И мы пошли. Никакого удовольствия от прогулки я, разумеется, не получал. То, что я испытывал, не хочется называть страхом, но мне определенно было не по себе. Одно дело проезжать по лагерным улицам в герметичной машине с непробиваемыми стеклами и совсем иное – шагать ничем не защищенным в потоке здешних обитателей. Мы с Беннетом были слишком заметны. Я физически чувствовал, как волна узнавания катится перед нами, заставляя стариков подопечных (и что они только шляются туда-сюда?), подобно теням, соскальзывать с нашего пути. Расступаясь, они подчеркнуто не смотрели в нашу сторону, и все-таки я кожей ощущал, как они наблюдают за нами. Я ловил их шелестящие, гаснущие с нашим приближением обрывки разговоров. Я вдыхал особенный запах лагеря, в котором тоскливая кислота старческого пота и легкая резь дезинфекции смешивались с ароматами цветочных посадок, пряными испарениями какой-то еды, горячим кофейным духом. Если история действительно кончалась, она кончалась этим странным запахом – обреченной, истекающей жизни.

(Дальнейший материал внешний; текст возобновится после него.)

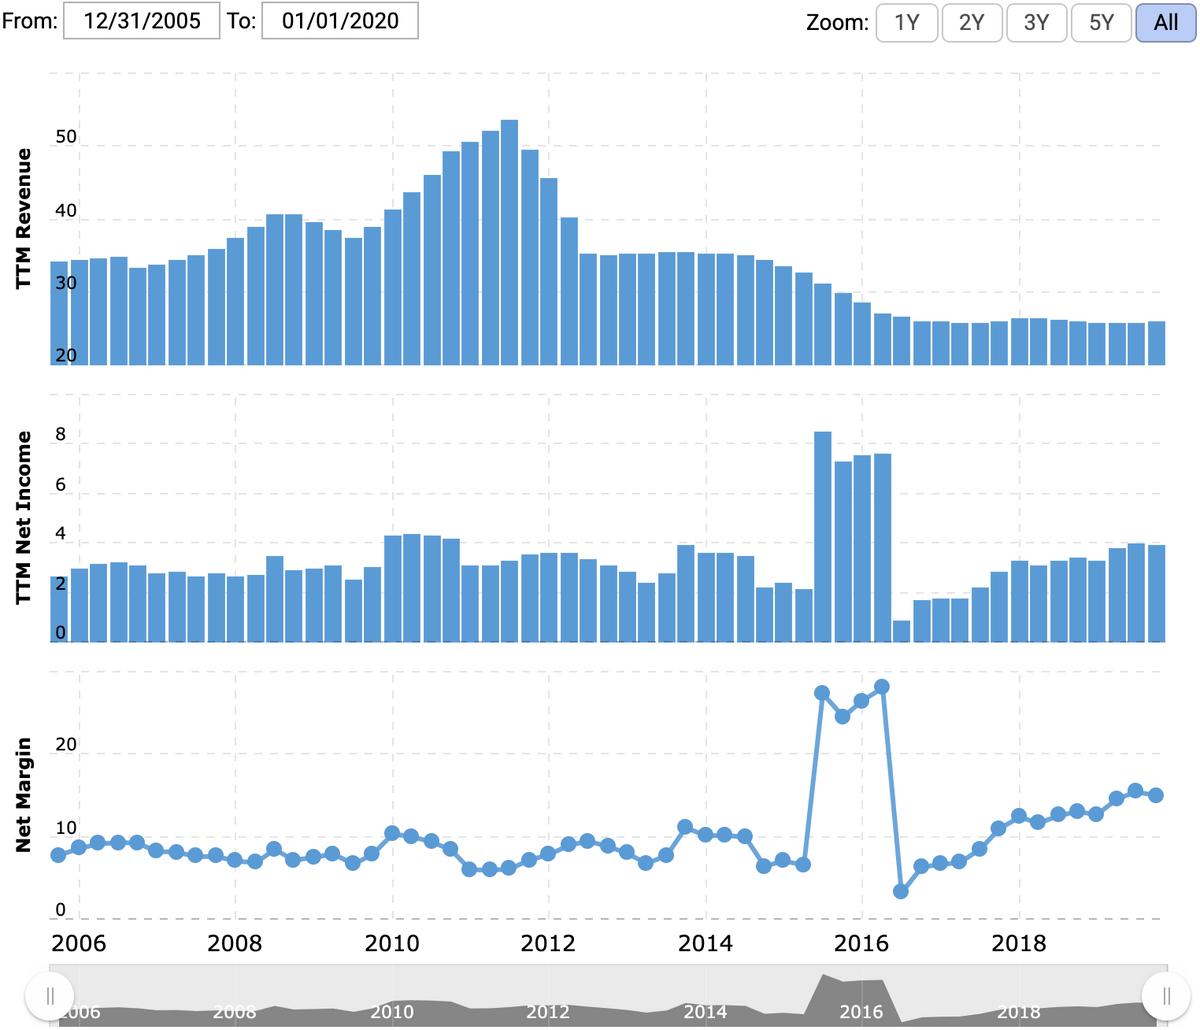 Выручка и прибыль Mondelez за последние 12 месяцев в миллиардах долларов, итоговая маржа в процентах от выручки. Источник: Macrotrends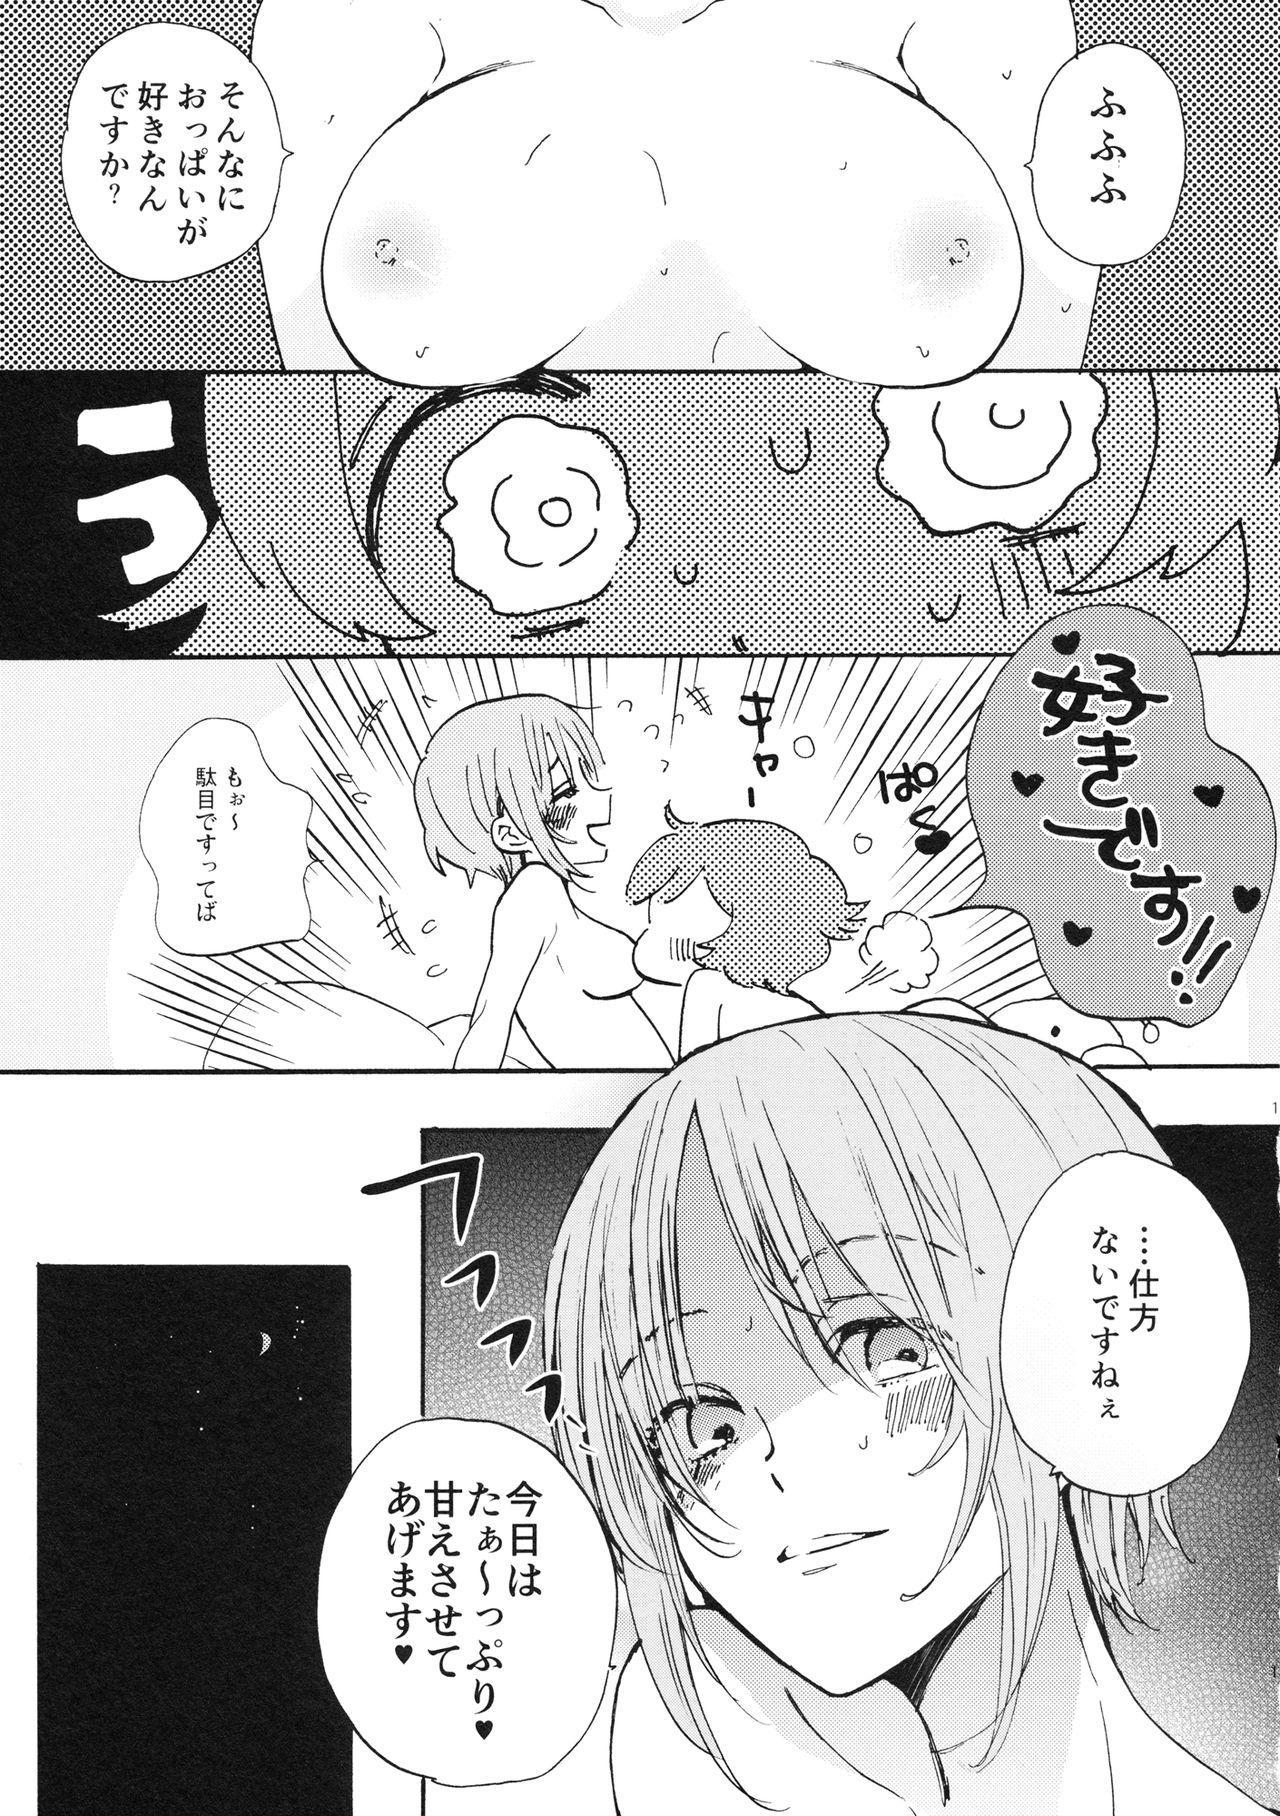 Natsu wa Aka-chan Play to Chimou to, Hanabi o Mite Kiss o Suru no da. 9

Беннет шел сквозь толпу, закинув голову, уверенно, словно океанский лайнер, перед форштевнем которого сами собой расходятся плывущие по волнам щепки. А я ступал как по минному полю. Предчувствие, что мы обязательно нарвемся на крупную неприятность, не оставляло меня. И только когда Беннет, сокращая путь, свернул с оживленной улицы в безлюд ный сквер, я немного успокоился и расслабился. Как оказалось, напрасно.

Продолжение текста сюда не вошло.